NOVANEWS
Dear Friends,
In item 1 Ben White defends Adalah against smears by the European Jewish Congress, and does so very well.
Item 2 is one of the best argued and absolutely correct case setting things right regarding the Israel-Palestine conflict. You may recall that a few days ago I mentioned an article that set the whole conflict as resulting from the differences between Bibi and Barak (Obama), and stated that I felt that it was not worth sending, but gave you the link in case you wished to check it out. Phyllis Bennis responds to that op-ed and does so excellently. She puts the blame elsewhere. I agree with her 100%. There is also another article on the conflict by Dennis Ross. I did not expect to agree with it, as I am all too familiar with Ross’s views. By comparison to Bennis, Ross comes out looking silly—regardless of his intention, in the end he simply ‘reveals’ how to keep the occupation going more smoothly, Here’s the link in case you are interested
How to break a Middle East stalemate
http://www.washingtonpost.com/opinions/how-to-unfreeze-a-middle-east-stalemate/2011/12/21/gIQAdhZdfP_story.html
Item 3 shows that Israel, either via private companies or otherwise, gets its finger in many pies. This particular pie is Latin America, and the finger is security Israeli style.
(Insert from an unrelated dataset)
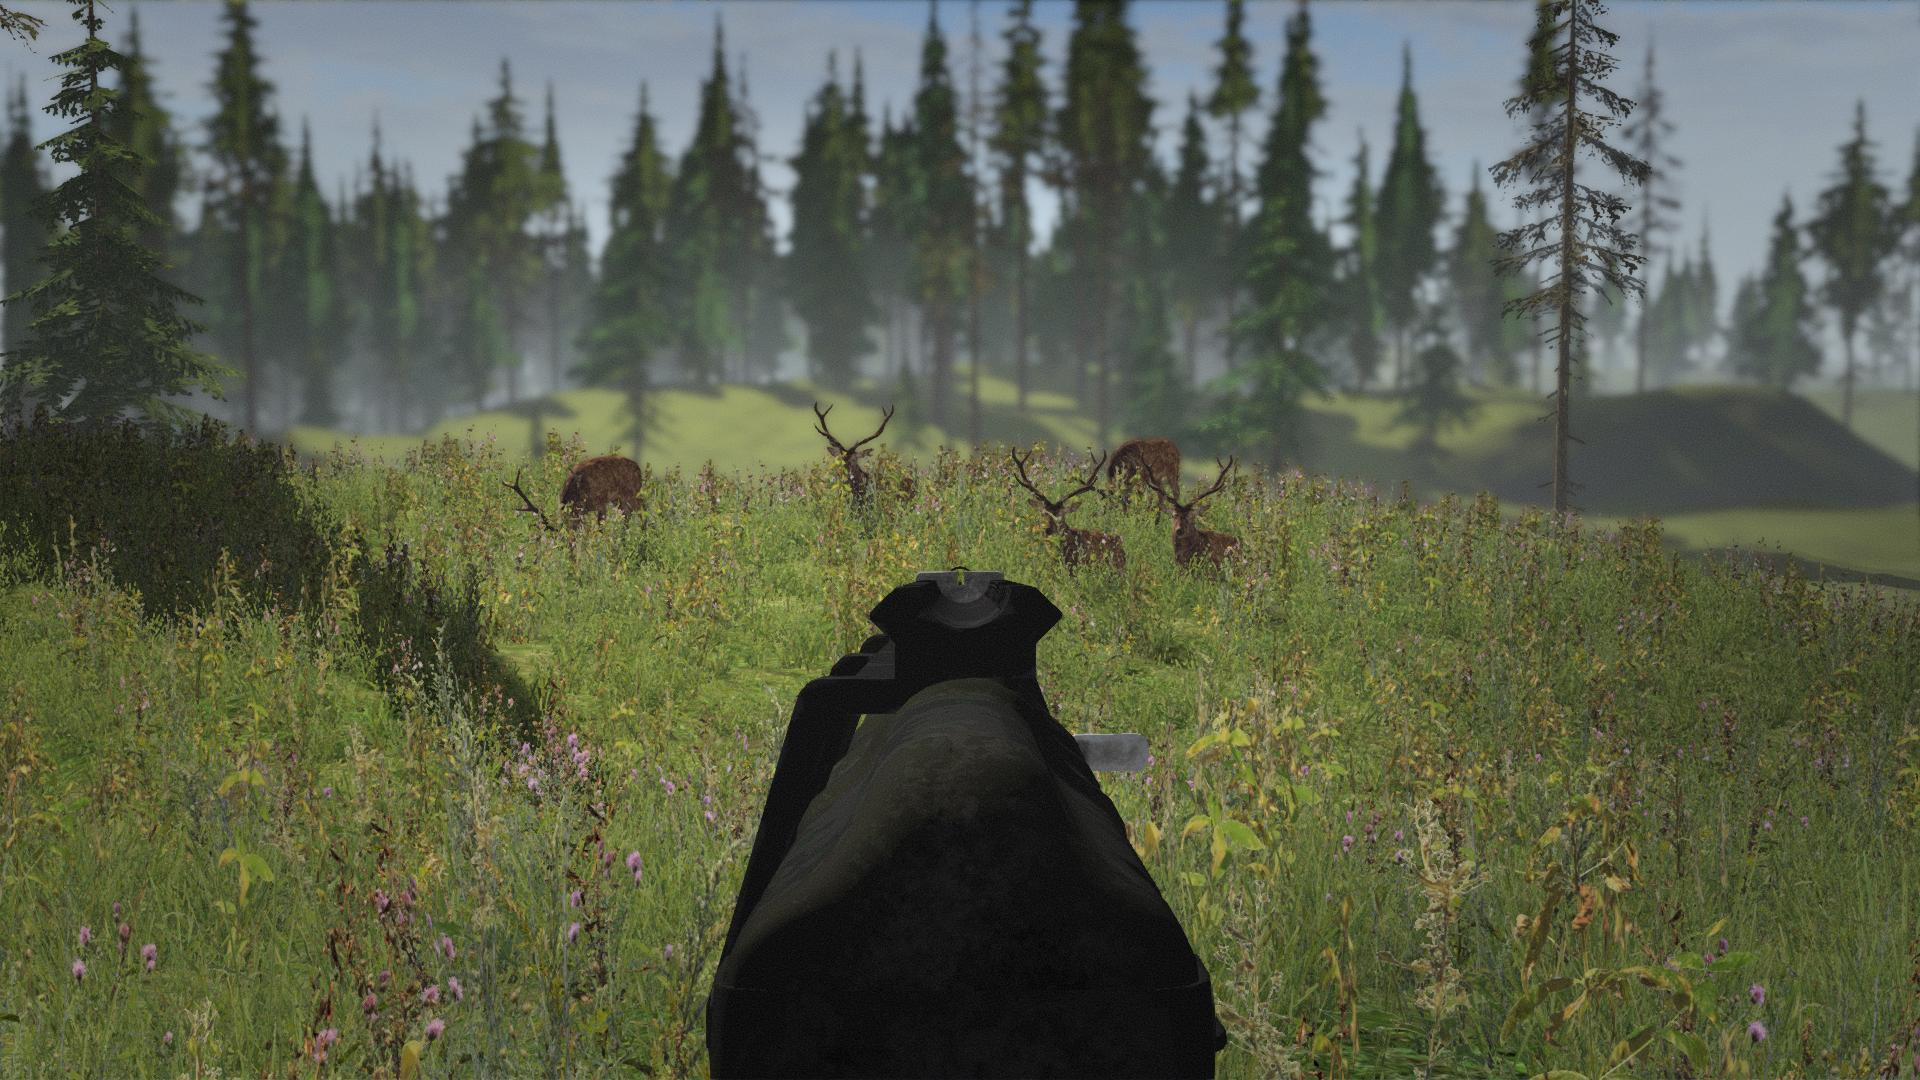 5 deers living in a herd

In item 4 Iyad Burnat reports of Friday’s weekly protest demonstration at Bil’in.
Item 5 is ‘Today in Palestine’ for January 6, and item 6 is a link to the latest from Mondoweiss.
That’s it for tonight. Am still hoping that the war on Iran will not happen. Keep your fingers and toes crossed.
Dorothy
1The smear against Adalah
The Guardian
Wednesday, January 4, 2011
This smear against Israeli human rights activists is all too familiar
Adalah defends Palestinian rights. The European Jewish Congress attack on it reflects a wider pattern of bullying
http://www.guardian.co.uk/commentisfree/2012/jan/04/israeli-human-rights-activists-adalah
Ben White
‘Adalah is a legal rights centre in Israel that works to promote and defend the rights of Palestinian citizens.’ Photograph: APAimages/Rex Features
Last week, the president of the European Jewish Congress (EJC) launched an extraordinary attack on an Israeli human rights organisation, Adalah, comparing the NGO to the far-right French National Front and British National party.
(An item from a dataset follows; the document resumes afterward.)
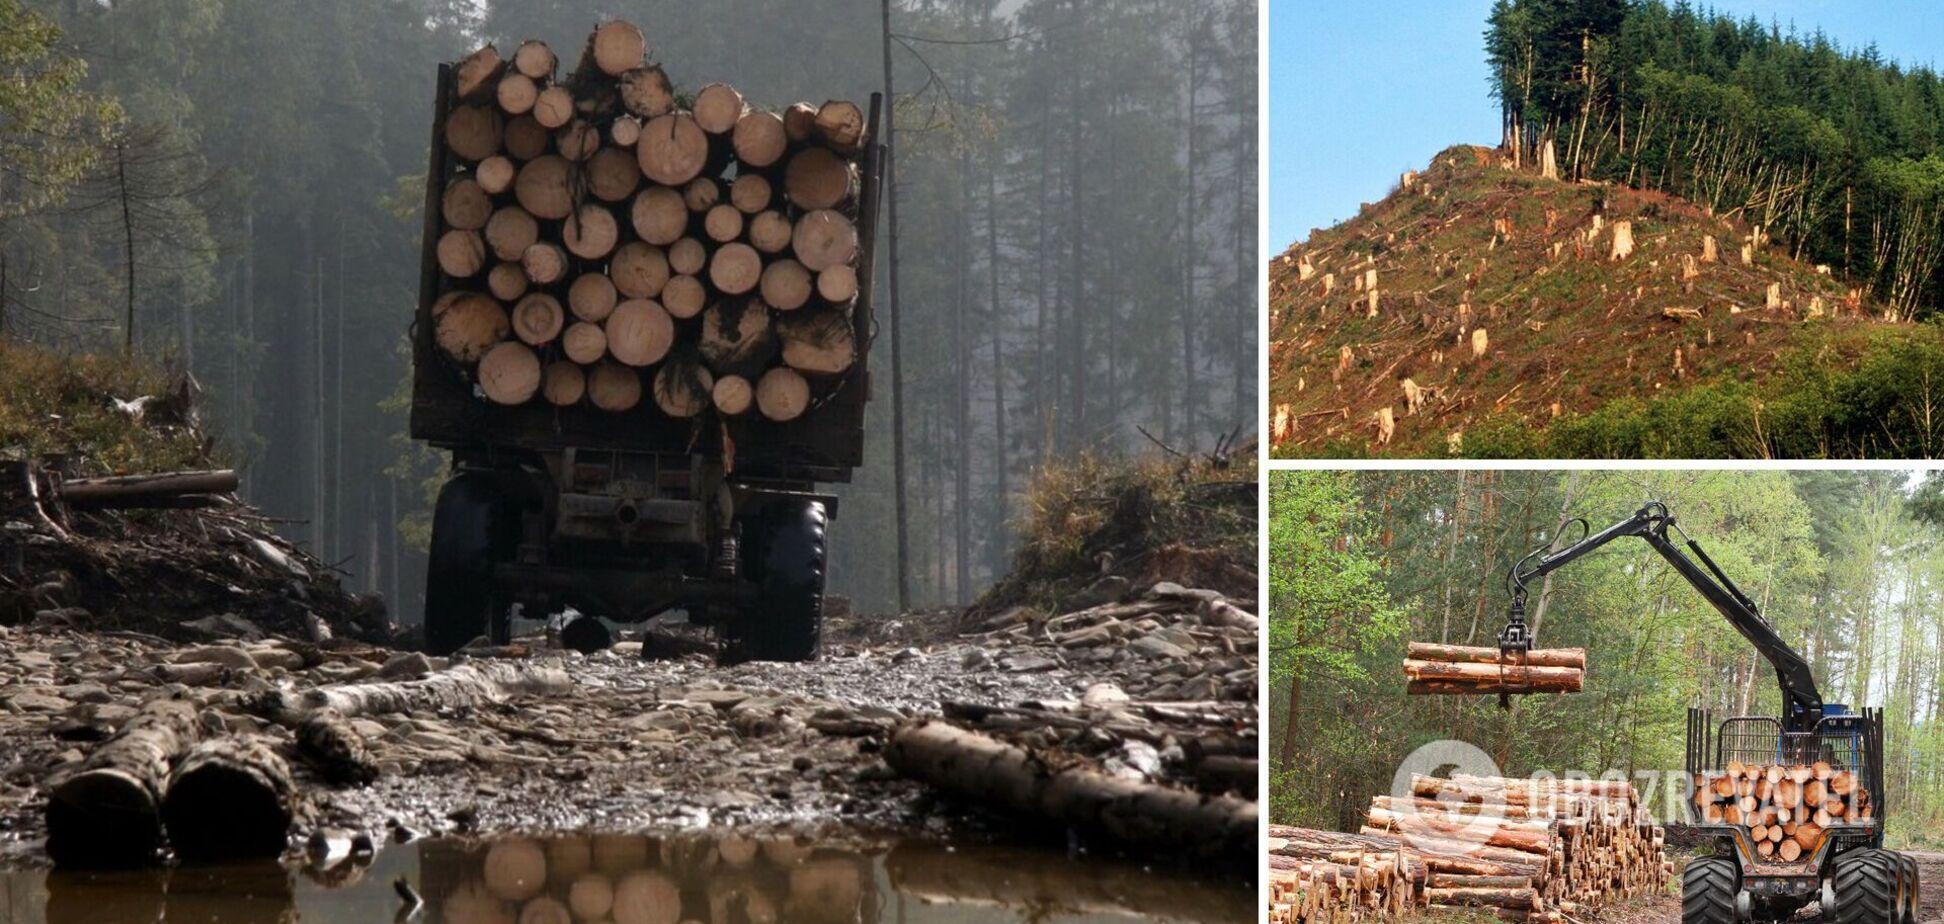 ЄС вимагає український ліс: яке насправді рішення ухвалив арбітраж і що далі

Moshe Kantor, who heads the umbrella organisation for elected representatives of Europe’s Jewish communities, was responding to a leaked EU document that expressed concern for Israel’s treatment of Palestinian citizens (EJC declined to comment for this article). Claiming that the report had used Adalah as a source, Kantor said:
“Adalah, an extremist organisation on the margins of society, openly declares a radical political agenda to change the nature of the state of Israel and has worked alongside some of the most radical elements in the region. It is like using sources from Front National to understand French society or the British National party to understand British society.”
Adalah is a well-established legal rights centre in Israel that works to promote and defend the rights of Palestinian citizens (“Israeli Arabs”). It has special consultative status with the UN’s economic and social council (ECOSOC), and has received funding over the years from the likes of Oxfam, New Israel Fund and Christian Aid.
Just last month, as Adalah co-founder Hassan Jabareen received an award for his work, the NGO was described by retired Israeli supreme court judge Ayala Procaccia as working “to advance human rights” with “outstanding intellectual power” and “high moral commitment”.
Why, then, would the EJC president compare this respected defender of minority rights to a party that Britain’s prime minister has previously described as “a bunch of fascists”?
In a disturbing parallel with the attacks on NGOs in Israel itself, the answer lies in Adalah’s record of defending Palestinian rights against human rights abuses and discrimination perpetrated by the Israeli government.
Kantor’s rhetoric is all too familiar for human rights defenders in Israel in recent times. Last July the foreign minister, Avigdor Lieberman, described a number of human rights groups as “terror organisations”. Pressure groups such as NGO Monitor boast of “naming and shaming” those (like Adalah) who they say are “demonising Israel”.
There are now legislative moves to restrict foreign funding of human rights groups, in a move that a former Israeli ambassador to South Africa says is “strikingly similar” to laws that applied during the apartheid era. The “targets” of the law in both cases are “those consistent voices of conscience which had become a problem for the regime”.
Two aspects of Adalah’s work cause particular offence for some of Israel’s apologists. First, it challenges a status quo that discriminates against Israel’s Palestinian citizens, by pursuing legal cases to the highest levels in the country’s courts.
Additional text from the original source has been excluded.